◆ DATA ◆
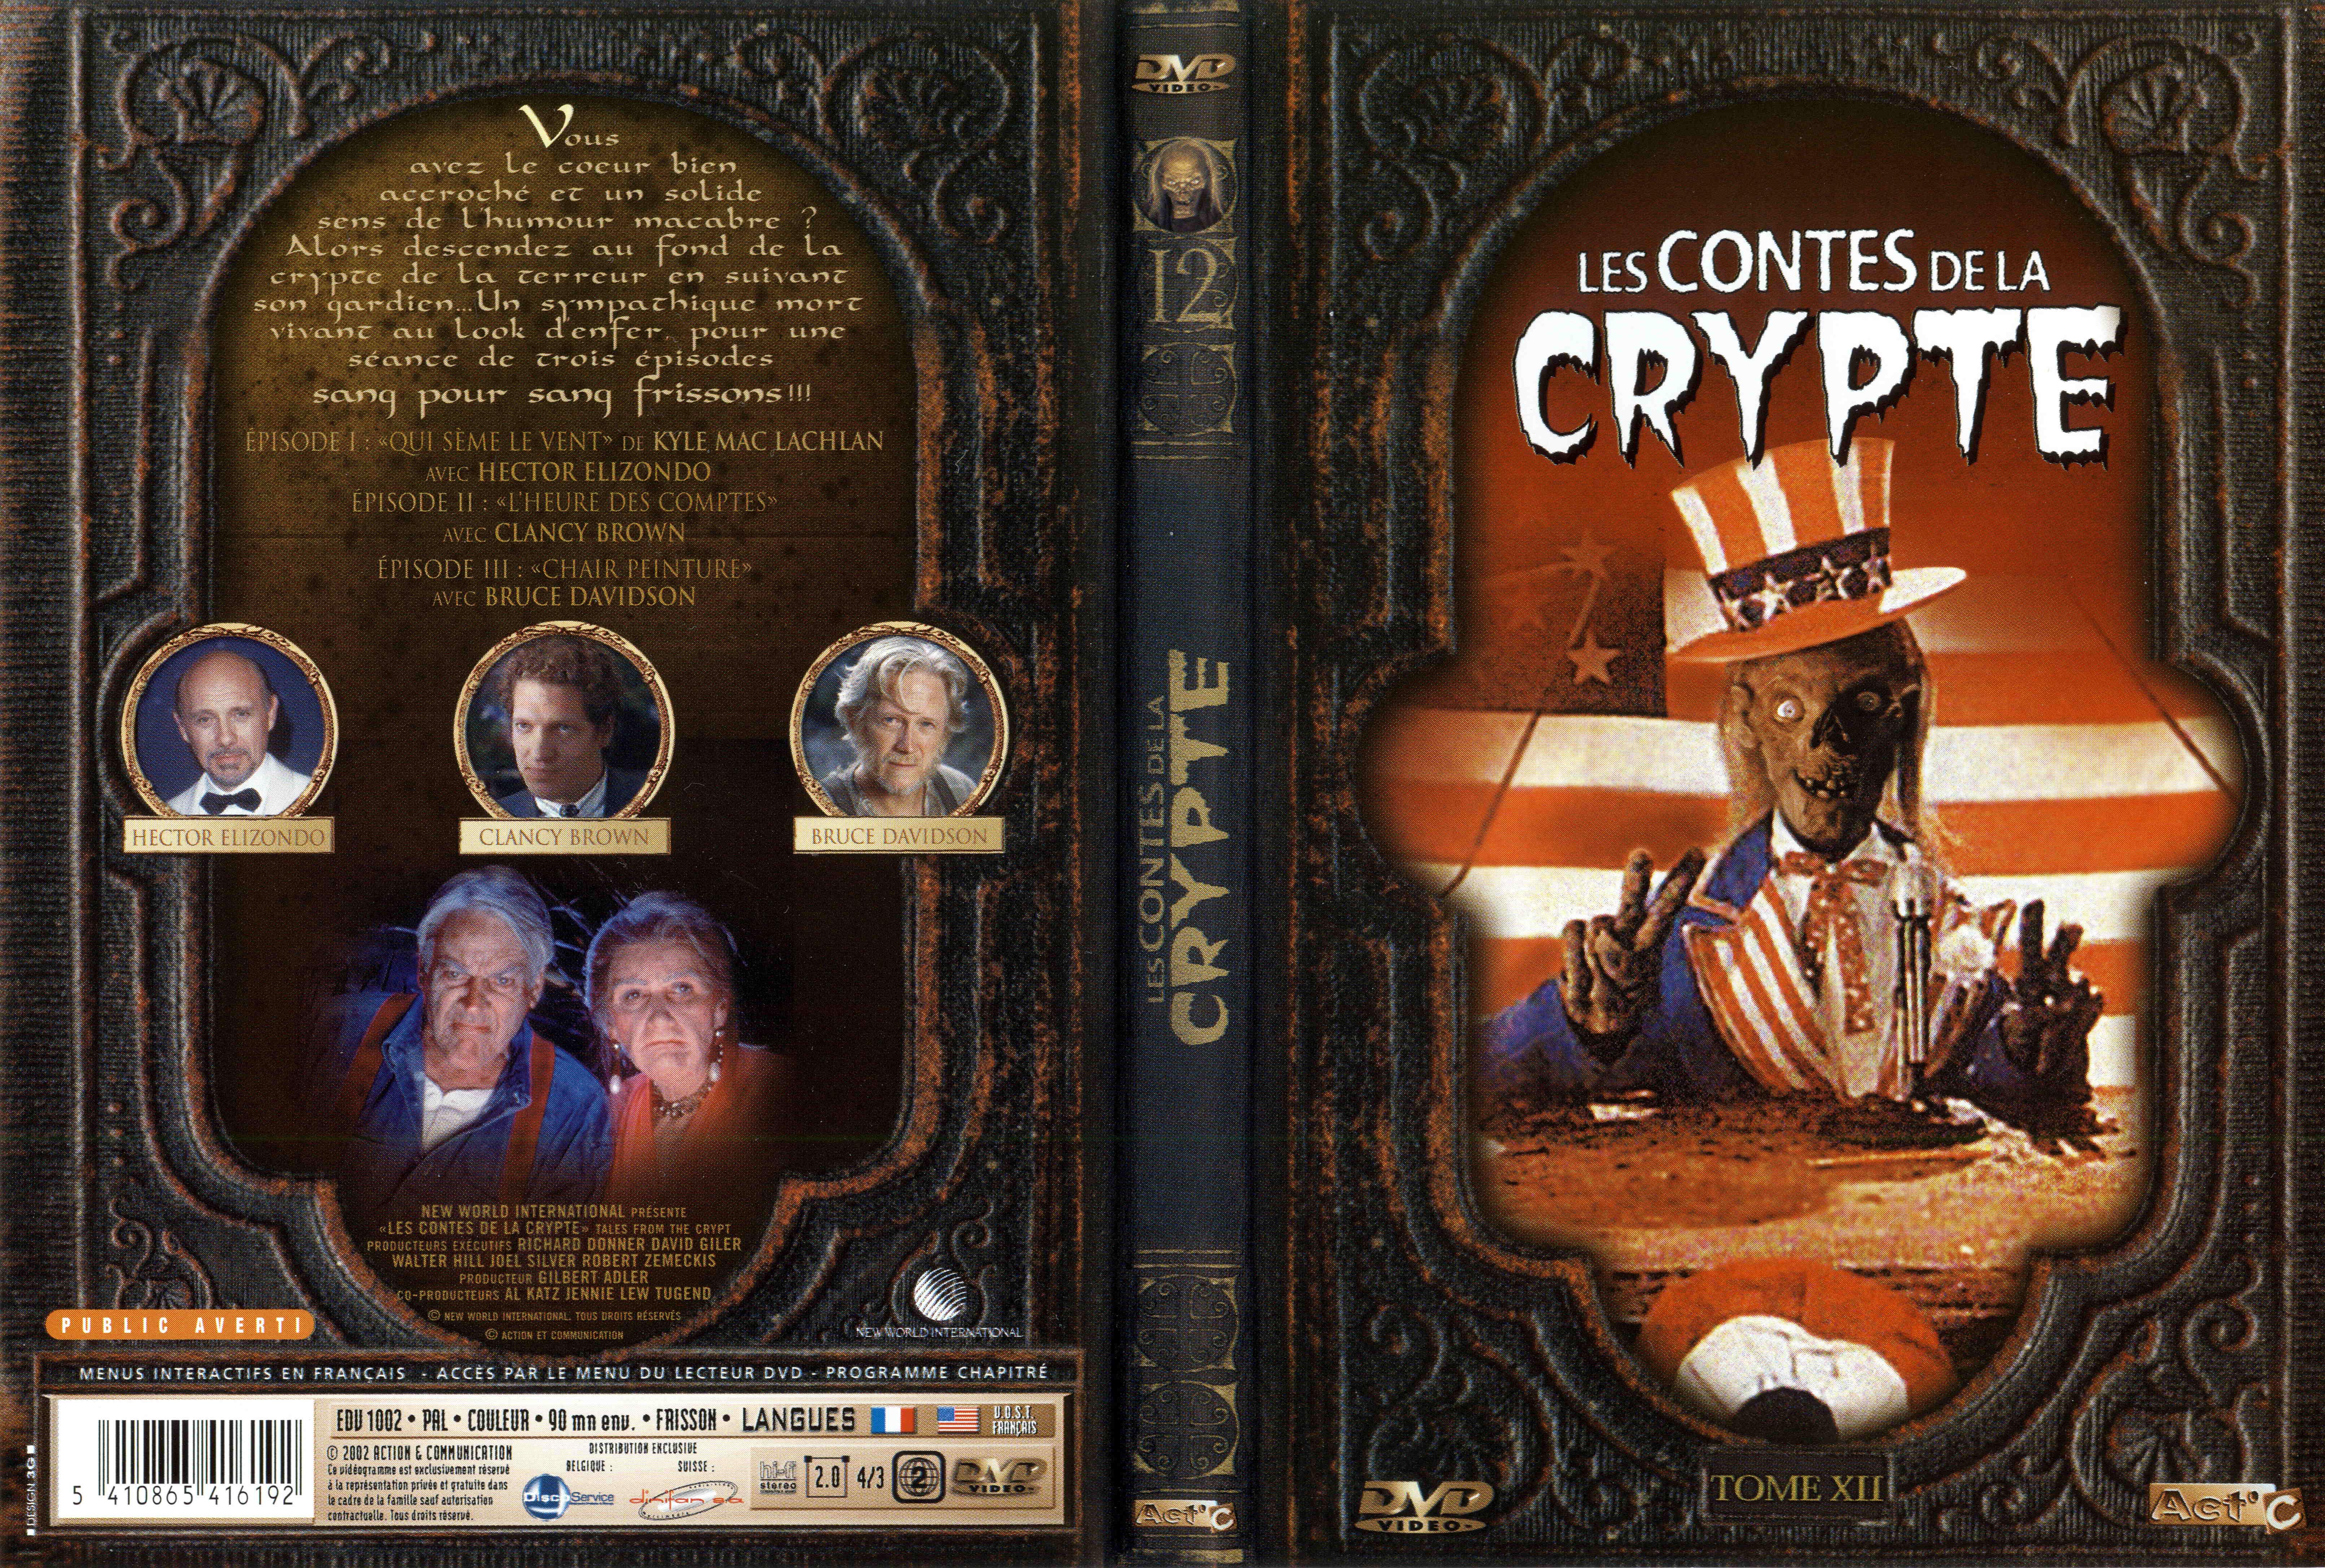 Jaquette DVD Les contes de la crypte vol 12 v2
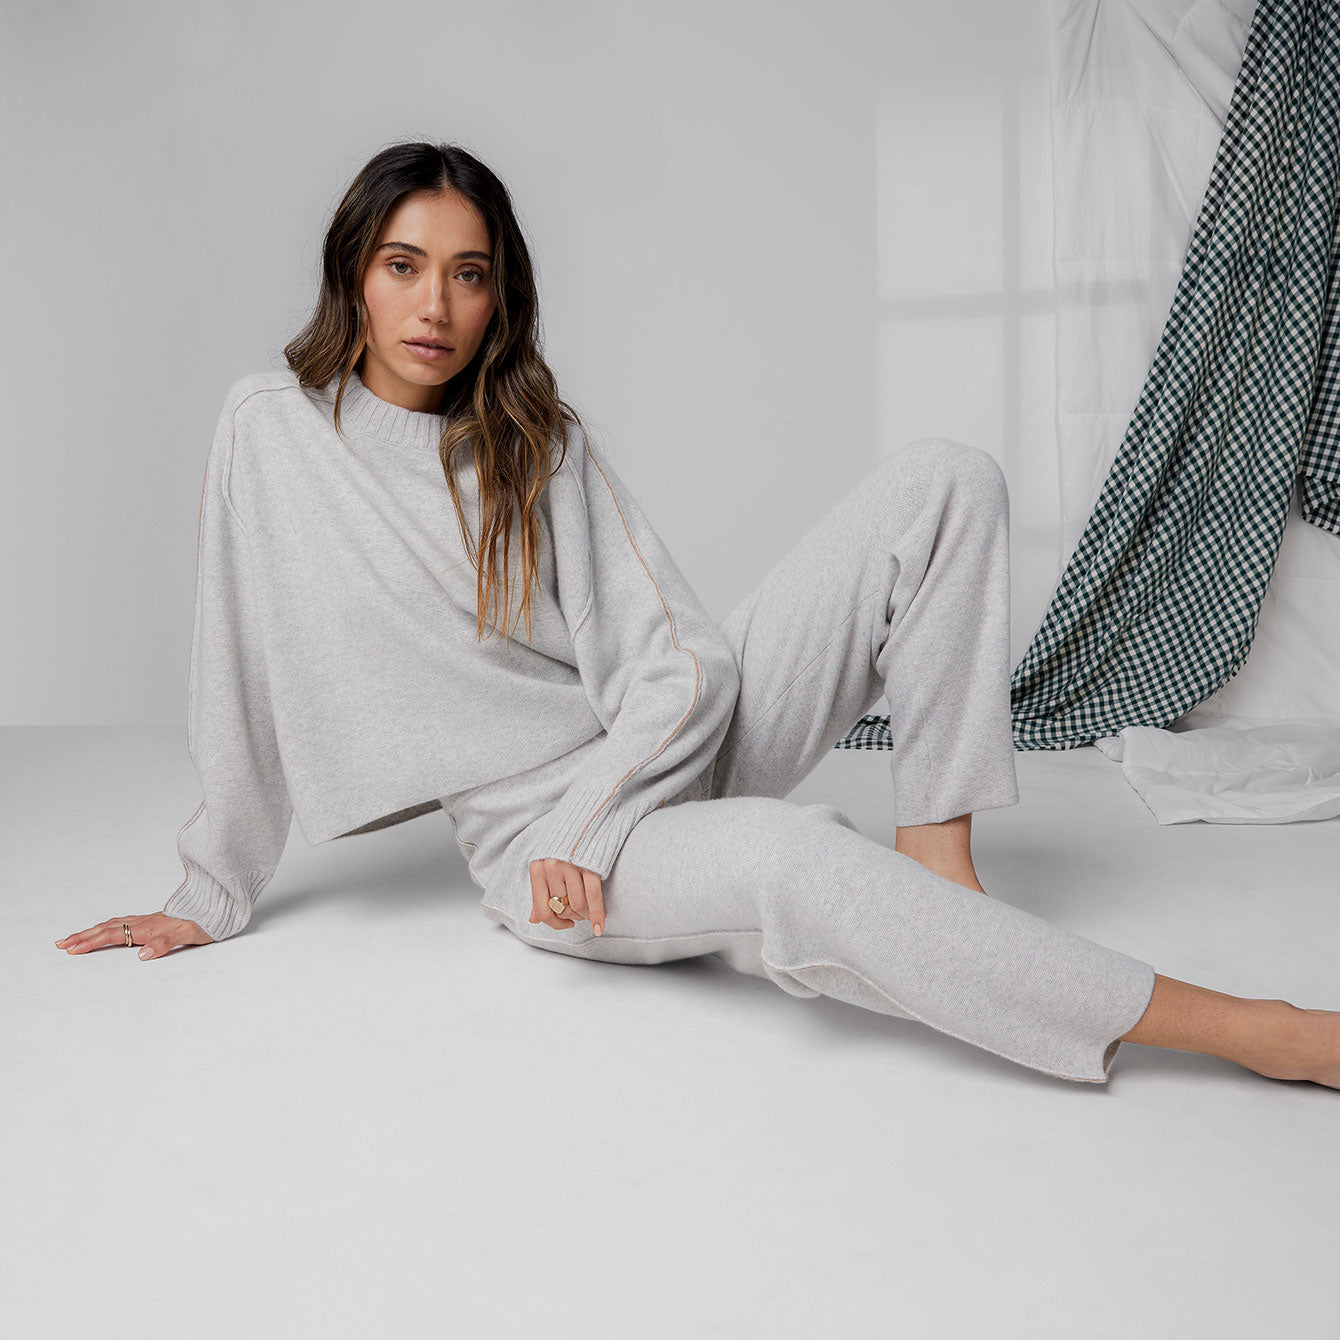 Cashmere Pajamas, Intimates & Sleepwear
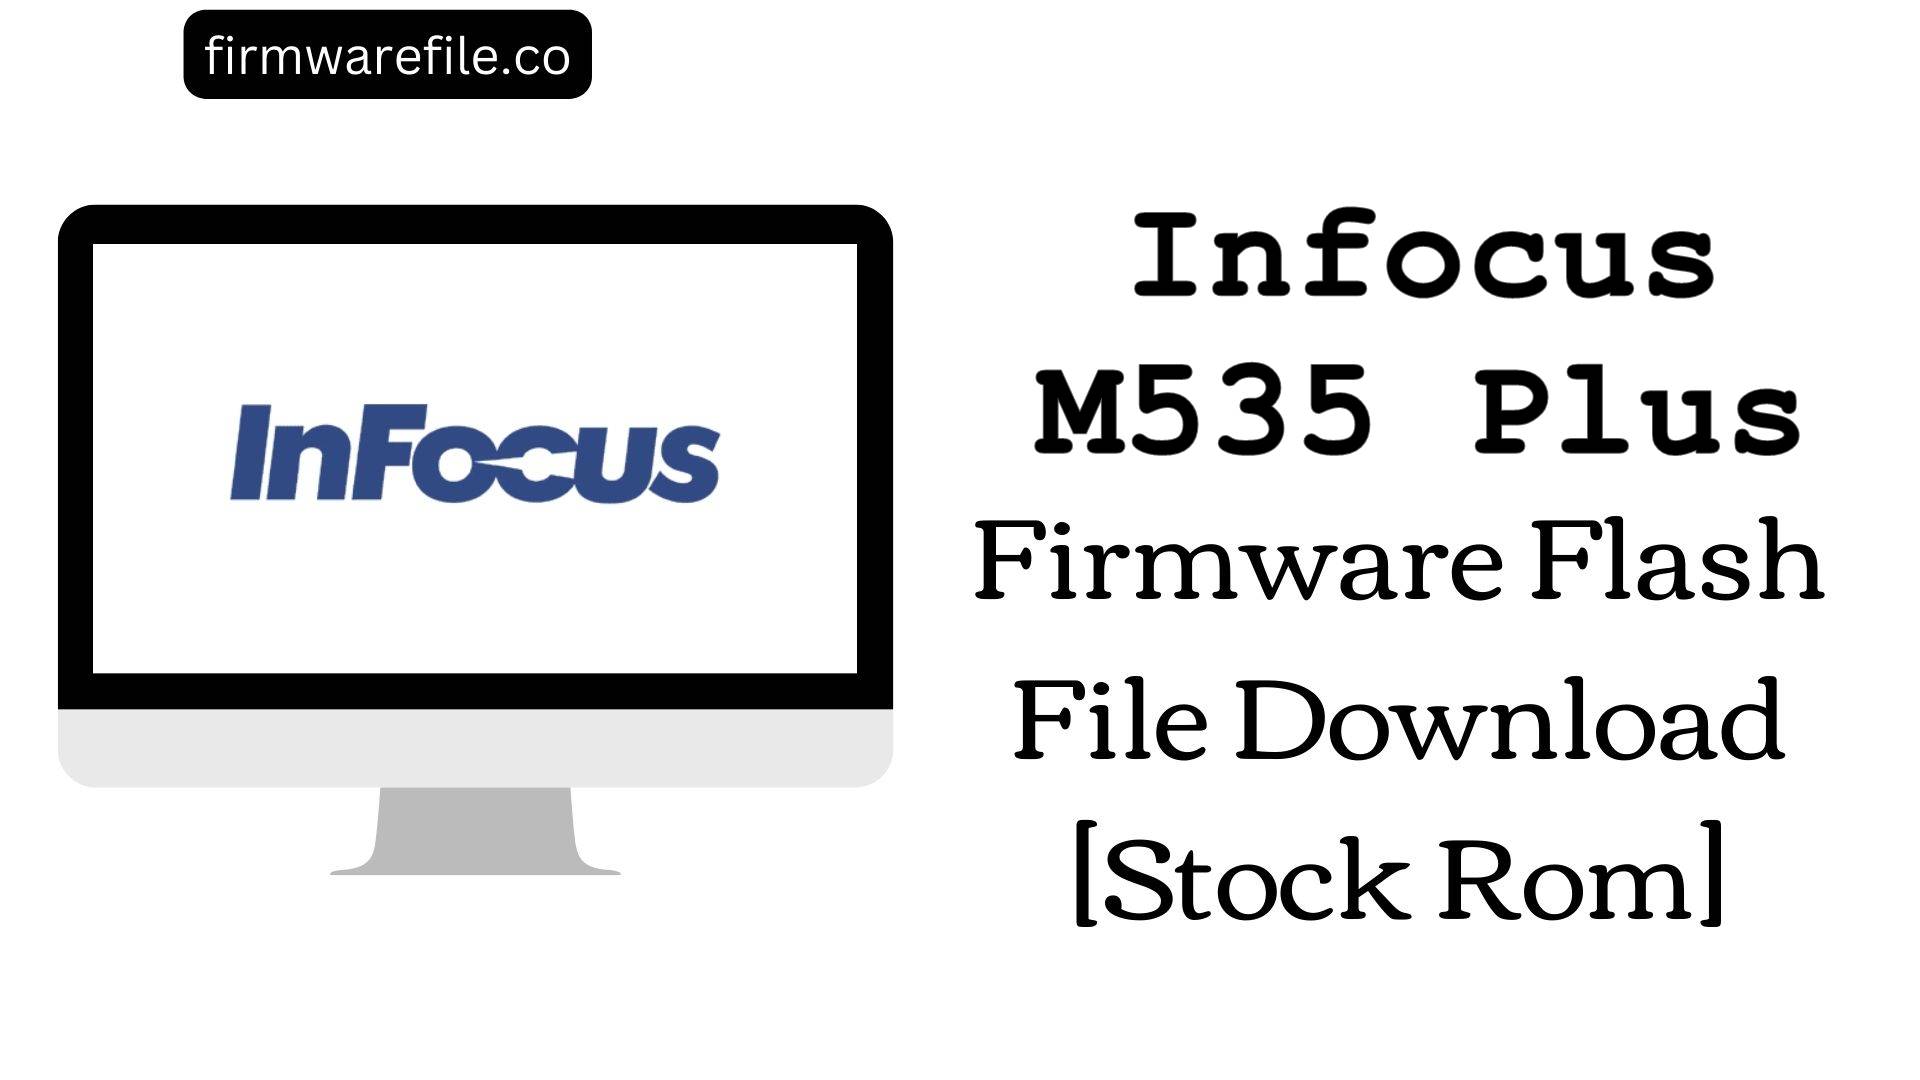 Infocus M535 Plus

◆ YOUR ASSIGNMENT ◆
Restate the whole listing exactly as written, minus the pictures.

◆ RESPONSE BELOW ◆
 Jaquette DVD Les contes de la crypte vol 12 v2
 Cashmere Pajamas, Intimates & Sleepwear
 Infocus M535 Plus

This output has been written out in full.